4.4. Improved handling and ingredient consistency

Continued improvements in logistics (e.g., flash-freezing at source, improved drying methods) to accommodate consistency needs of large bakeries and other food manufacturers.

4.5. Enhanced consumer communication

Strategic communication and co-branding efforts (e.g., at festivals or with premium eco-conscious brands) to reposition upcycled ingredients as aspirational and valuable, dispelling “waste” connotations.

4.6. Regulatory and certification initiatives

Seeking clear standards, life cycle assessments, certifications (organic, halal, kosher, FSSC), and perhaps novel food clearances as necessary to grow new markets.

Conclusion

Upcycling spent grains is a promising step toward a circular and sustainable food system.
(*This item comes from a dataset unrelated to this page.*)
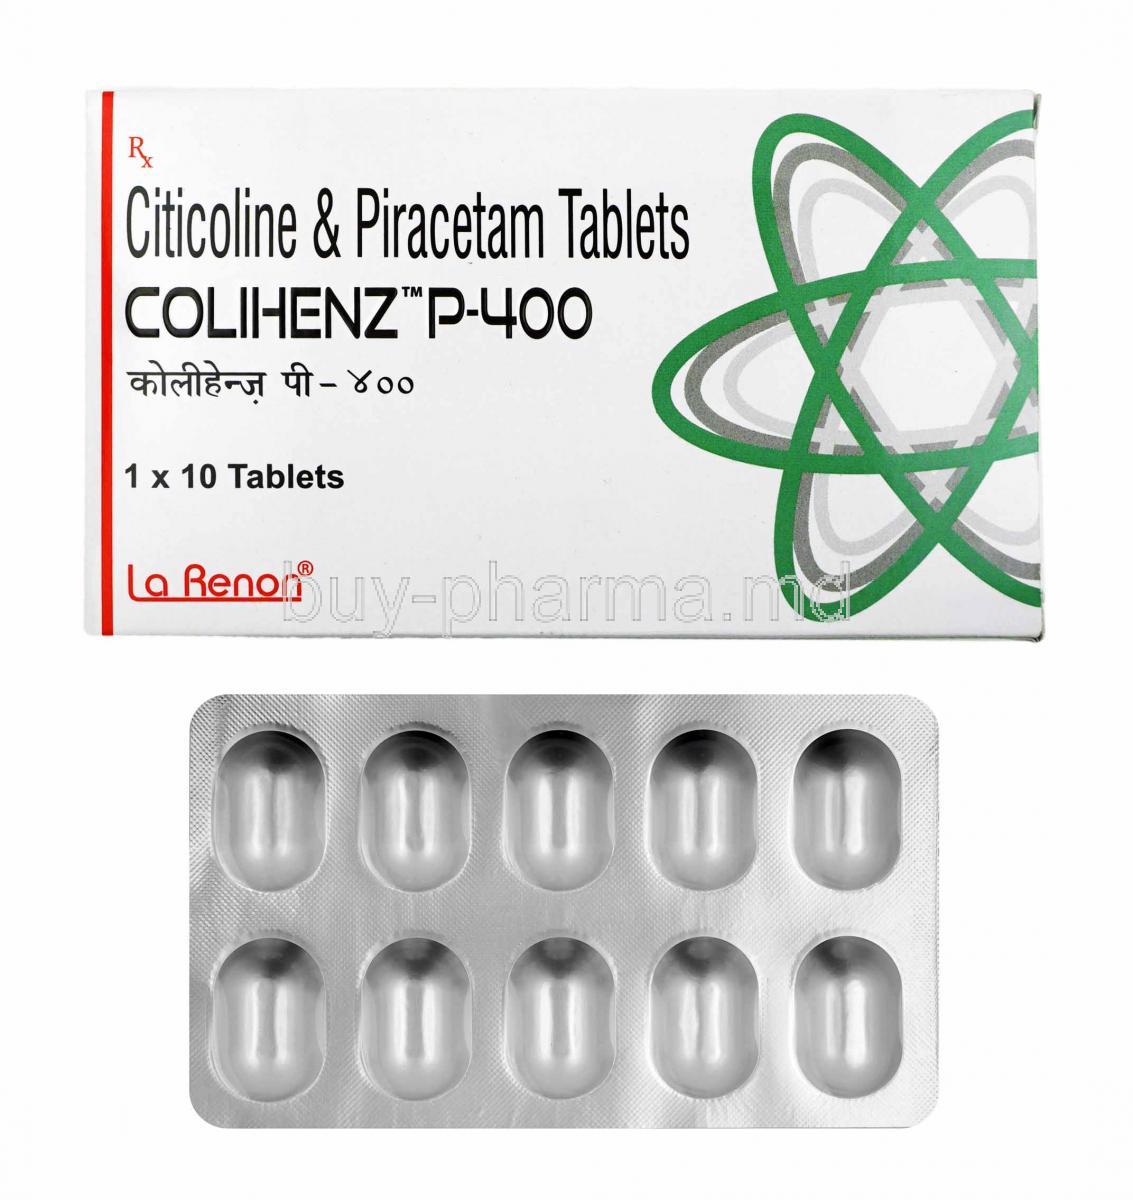 Colihenz P, Citicoline and Piracetam 400mg box and tablets
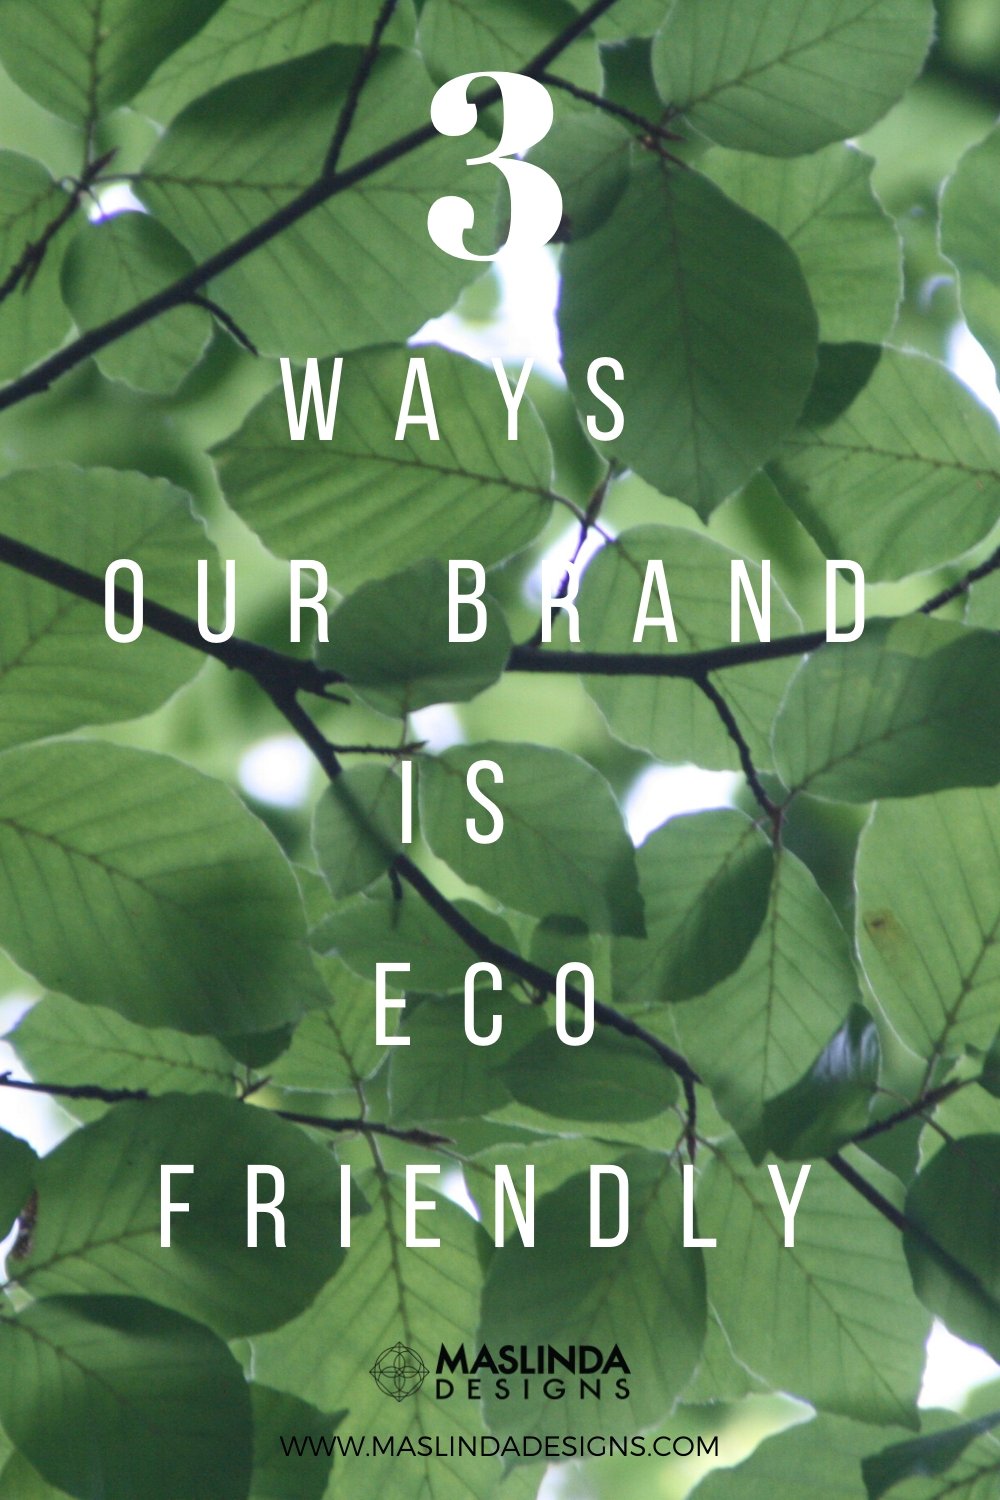 3 ways our brand is eco friendly 🌱 - Maslinda Designs

Success requires technical capacity for stabilization, strategic logistical partnerships, and consistent innovation in both products and business models. As examples from Upgrain and Foodpeople illustrate, the journey involves both barriers and opportunities—but ongoing investment, awareness-building, and collaborative innovation are creating a pathway for spent grains to become a staple sustainable ingredient for tomorrow’s food industry.

References

  • Webinar: Upcycling of spent grains from breweries, October 30, 2025.
  • Presentations and panel contributions by William Beiskjaer (Upgrain) and Emma Louise Cox (Foodpeople).